I’m amazed, a very large sample with a word grouping of two or greater can produce some terrific results. It makes me wonder why spammers always end up with such nonsense titles, use a larger sample you jerks!
In my various attempts, I also ended up with some rather spectacular phrases. Here are some of my favourites, I swear I did not make any of these up:
The whimsical charms of each of disappointed children
Holding the Wiimote in the holiday rush? Either way, you’re probably online looking for awesome news like this
Your character’s level is on a couch. They’re comfortable for both sides.

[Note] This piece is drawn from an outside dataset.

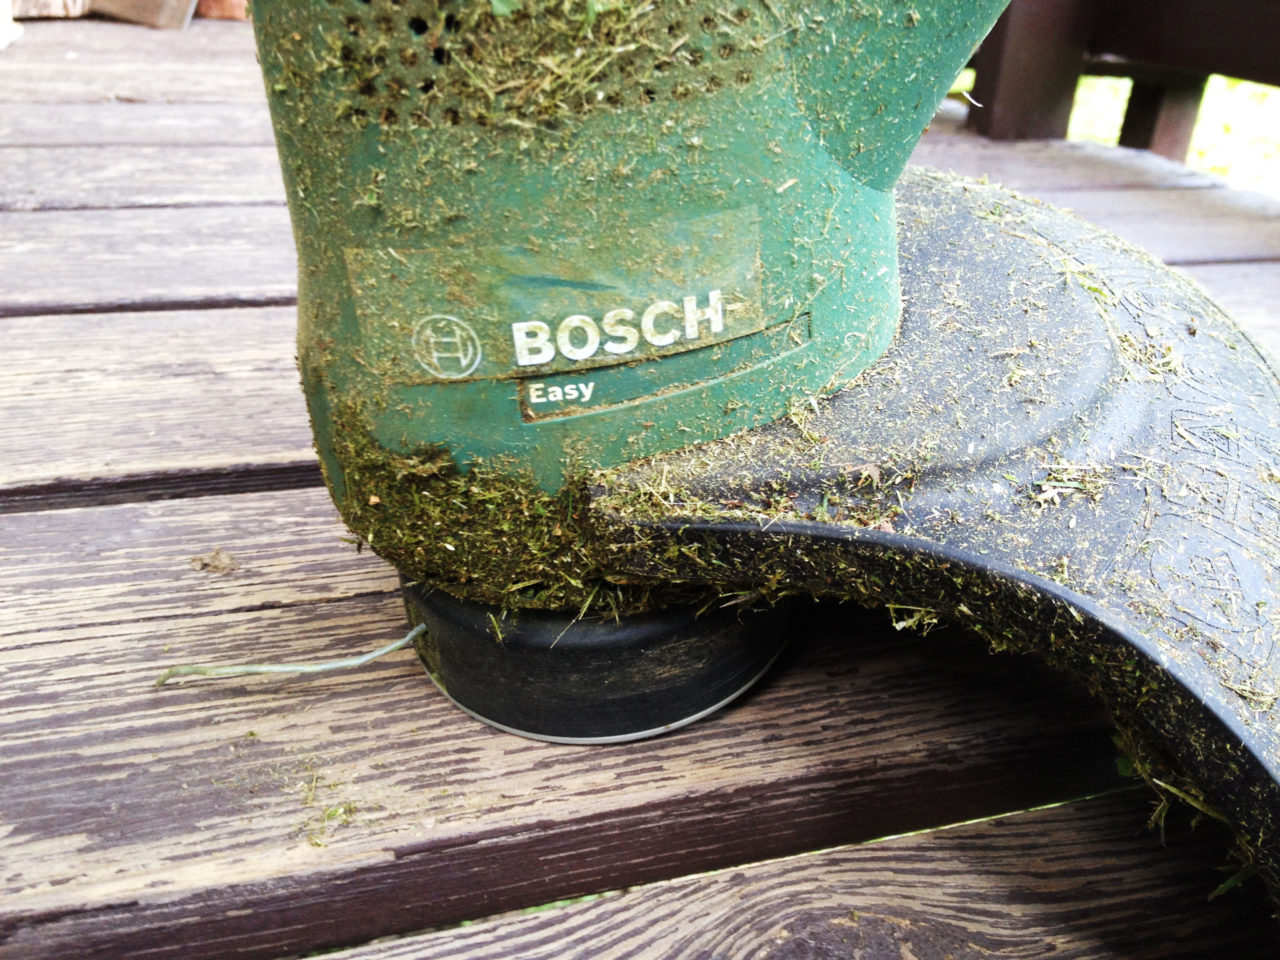 BOSCHのケーブル付き草刈機を購入

a combination of raw stem cells, dubbed thing, and the USA
I believe I was blindsided by exploiting my childhood memories
…and the best one by far:
This essay will be successfully ignored altogether.
Check out Ben Abraham’s post for some more great ones (he beat me to the punch by a few hours.) Finally, I’ll leave you with a challenge. Can you guess what sample I used to produce the text below?
Peyote solidities of halls, backyard green tree cemetery dawns, wine drunkenness over the rooftops, storefront boroughs of teahead joyride neon blinking traffic light, sun and moon and tree vibrations in the roaring winter dusks of Brook-lyn, ashcan rantings and kind king light of mind, who chained themselves to subways for the endless ride from Battery to holy Bronx on benzedrine until the noise of wheels and children brought them down shuddering mouth-wracked and battered bleak of brain all drained of brilliance in the drear light of Zoo,
***********ANSWER***********
Trick question, it’s actually a word-for-word excerpt from Allen Ginsberg’s Howl. Only the formatting has been edited. I think the beat poets would have dug Markov chains, don’t you?